Received date: 2015-05-26; Accepted date: 2015-11-15

Corresponding author: LIU Tang-hong, PhD, Associate Professor; Tel: +86-731-82655294; E mail: lthjd@163.com

Abstract: This work used the computational fluid dynamics method combined with full-scale train tests to analyze the train aerodynamic performance on special slope topography. Results show that with the increment in the slope gradient, the aerodynamic forces and moment increase sharply. Compared with the flat ground condition, the lateral force, lift force, and overturning moment of the train on the first line increase by 153.2%, 53.4% and 124.7%, respectively, under the slope gradient of 20°. However, with the increment of the windward side’s depth, the windbreak effect is improved obviously.
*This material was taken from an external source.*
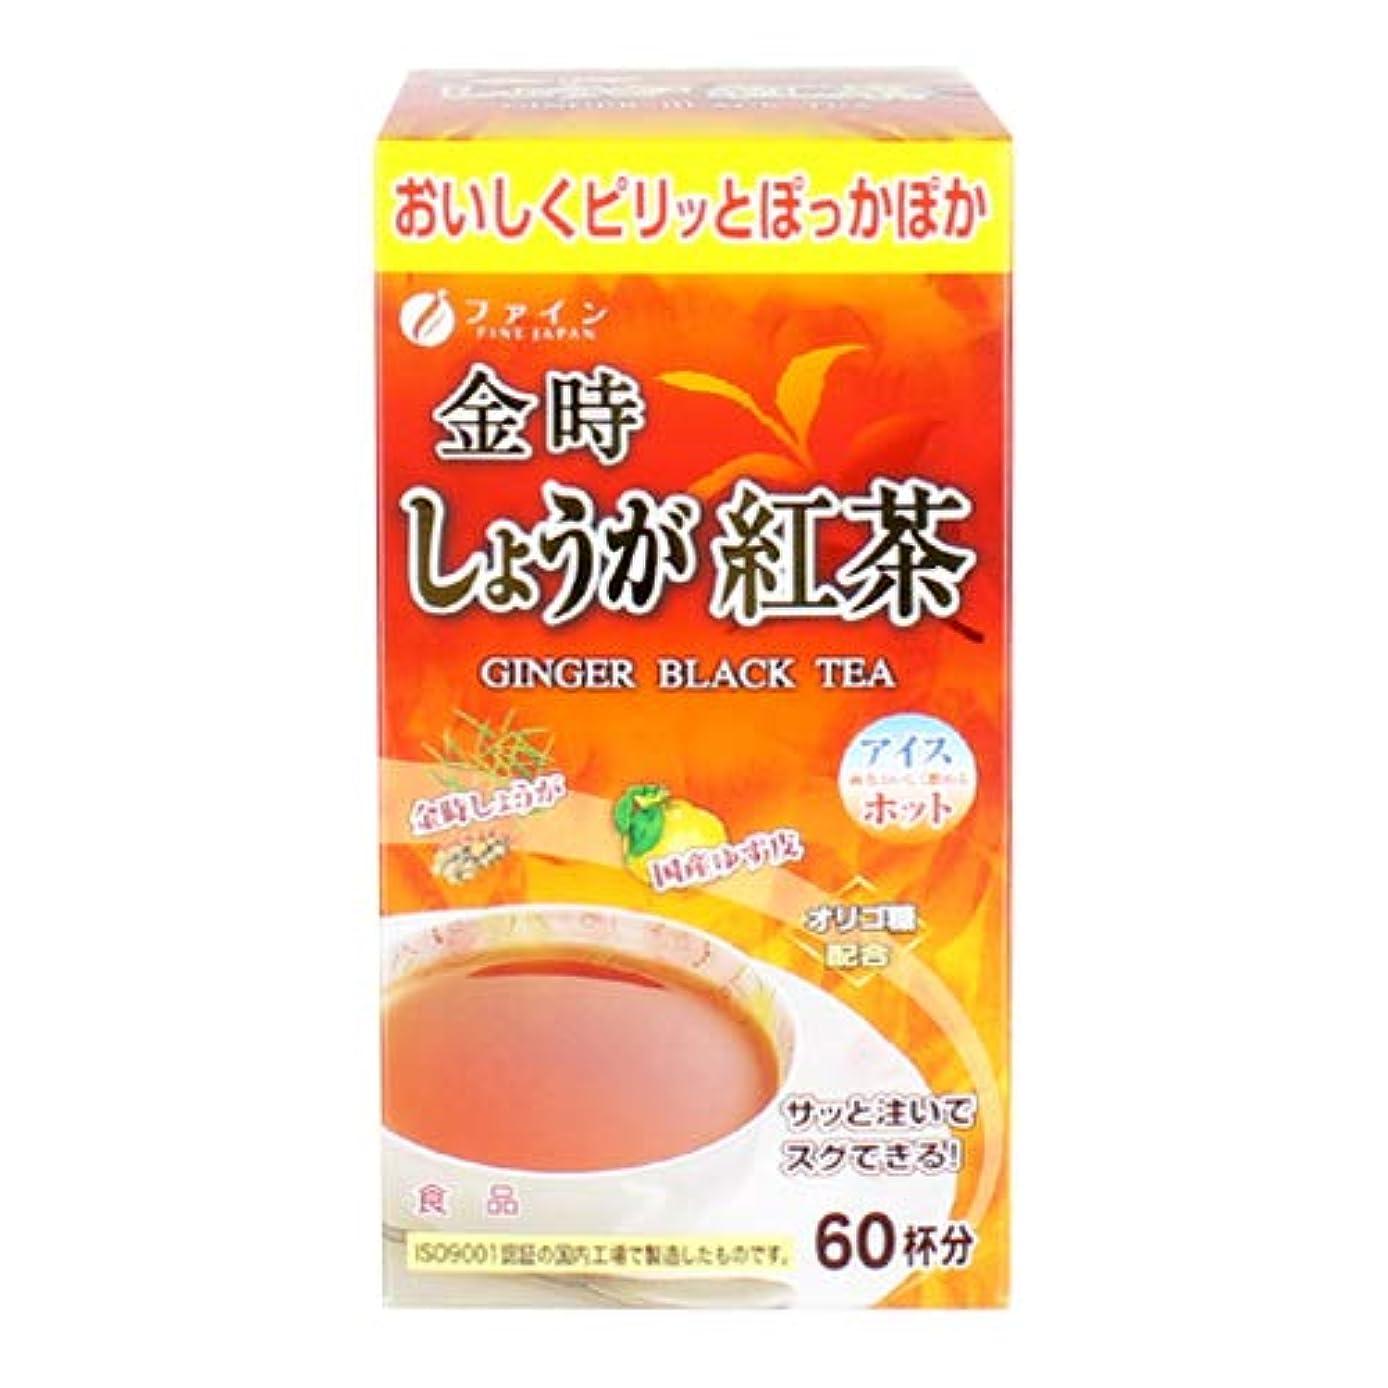 応用卵その間ファイン しょうが紅茶 【30箱組】

When the depth is equal to 10 m, compared with the 0 m, the lateral force, lift force and overturning moment of the train on the first line decrease by 70.9%, 77.0% and 70.6%, respectively. Through analyzing the influence of slope parameters on the aerodynamic performance of the train, the relationships among them are established. All these will provide a basic reference for enhancing train aerodynamic performances under different slope conditions and achieve reasonable train speeds for the operation safety in different wind environments.